Search code examples
linuxmultithreadingsocketsscalability

Does the Thundering Herd Problem exist on Linux anymore?


Many Linux/Unix programming books and tutorials speak about the "Thundering Herd Problem" which happens when multiple threads or forks are blocked on a select() call waiting for readability of a listening socket. When the connection comes in, all threads and forks are woken up but only one "wins" with a successful call to accept().
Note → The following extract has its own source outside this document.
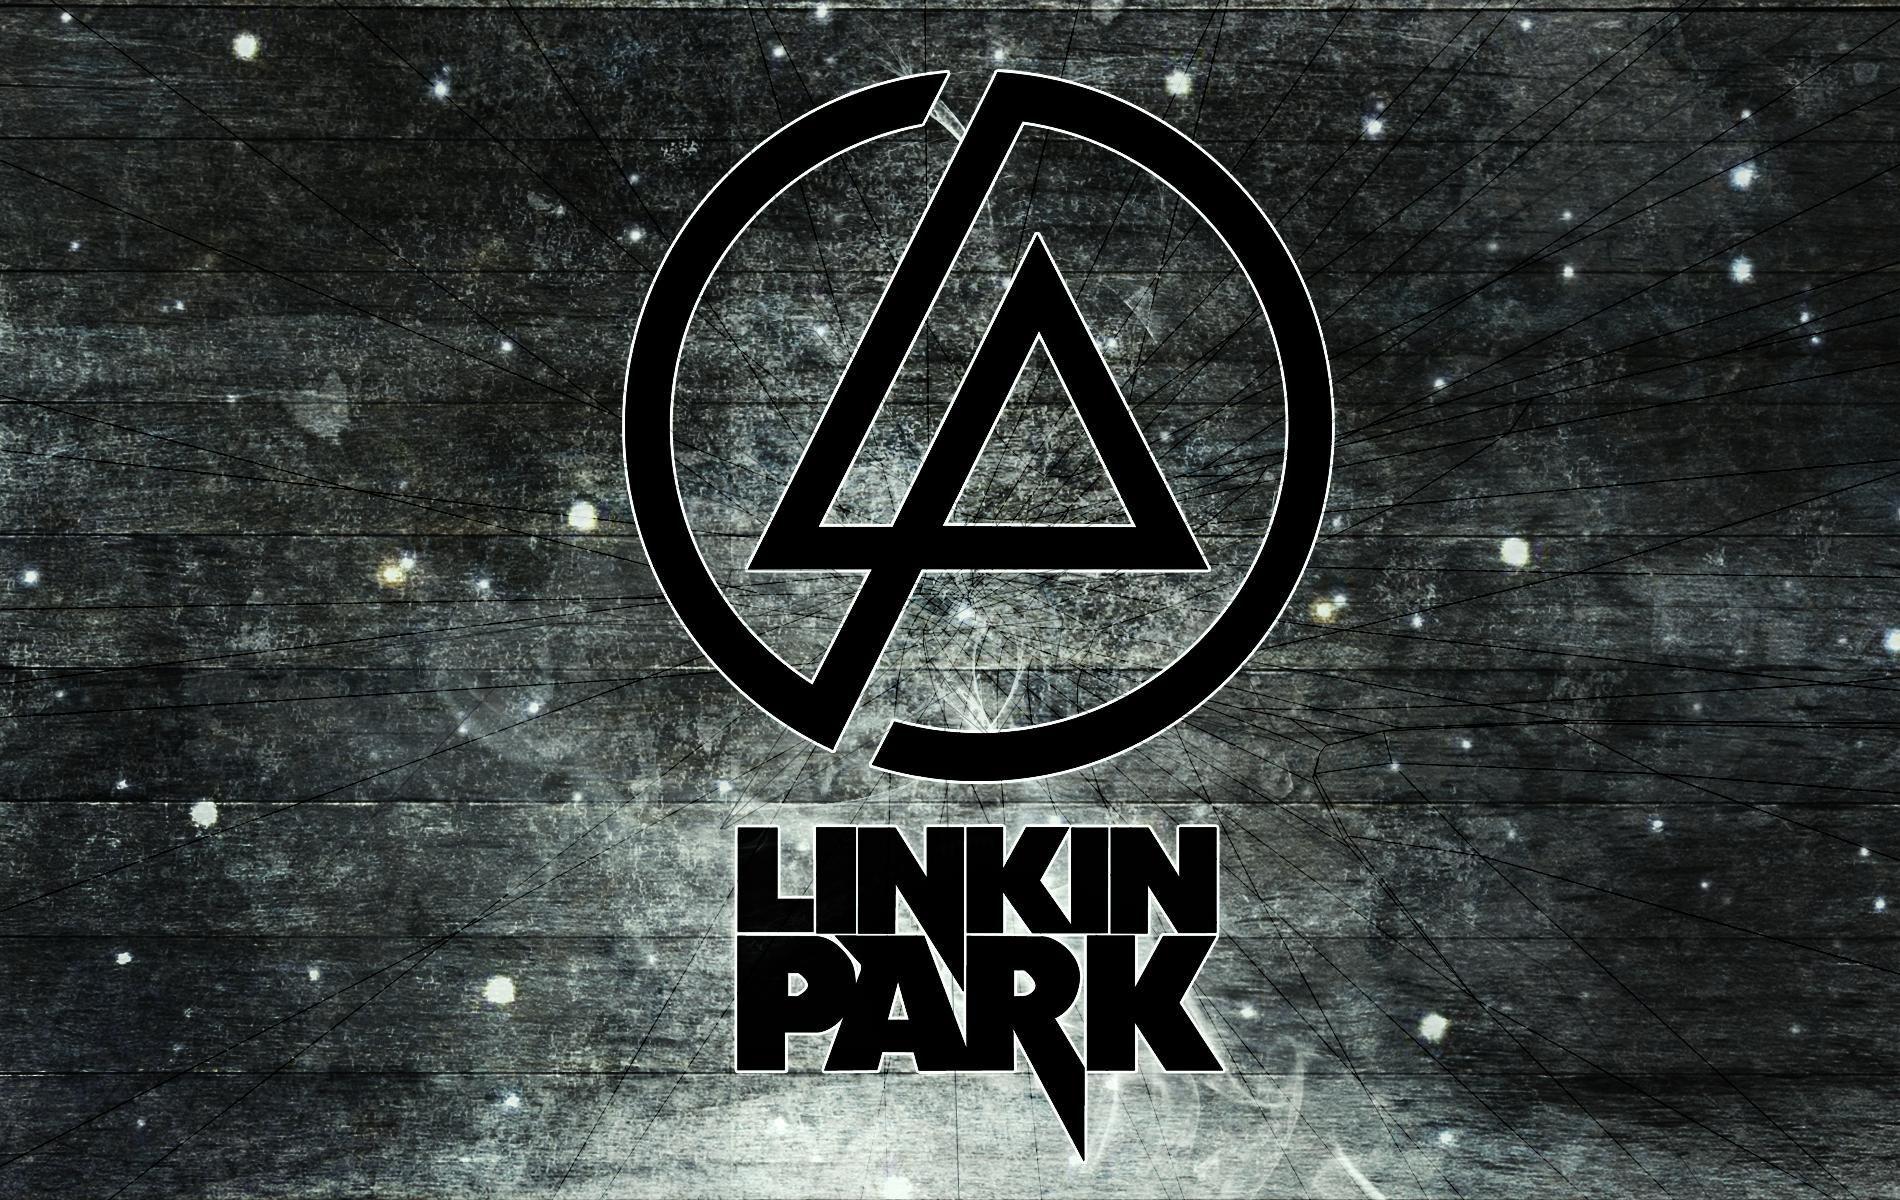 Linkin Park Wallpaper High Quality BozhuWallpaper. Linkin Park

In the meantime, a lot of CPU time is wasted waking up all the threads/forks for no reason.

I noticed a project which provides a "fix" for this problem in the linux kernel, but this is a very old patch.
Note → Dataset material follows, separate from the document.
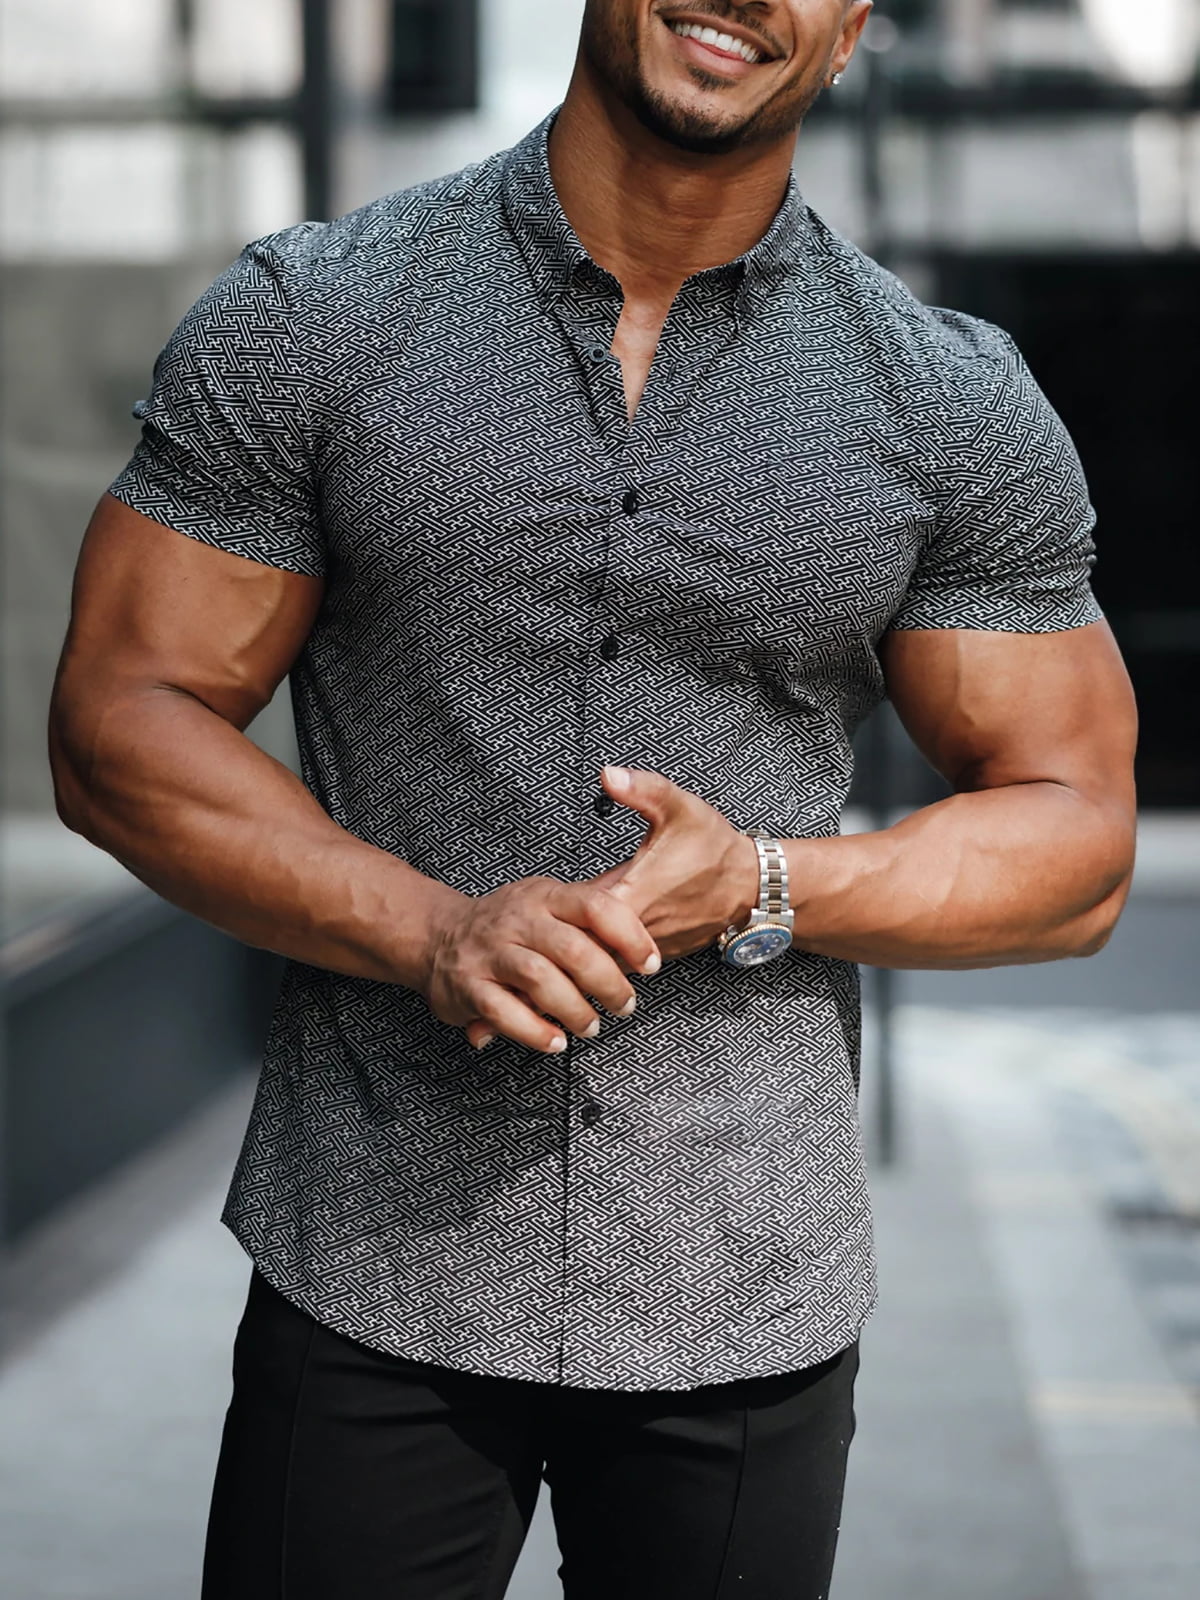 muscle shirt

I think there are two variants; One where each fork does select() and then accept(), and one that just does accept().

Do modern Unix/Linux kernels still have the Thundering Herd Problem in both these cases or only the "select() then accept()" version?


Solution

  • It's there and it's real. See this issue that we are seeing in uwsgi: https://github.com/unbit/uwsgi/issues/2611

    If I disable the --thunder-lock option in uwsgi, that means uwsgi won't be using right api/locking mechanism of system. In that case during my peak load I could see lot of context switch and lot of time wasted. Consistent high response time of my application. (I am talking 1 Lac request per min on my server) at this moment.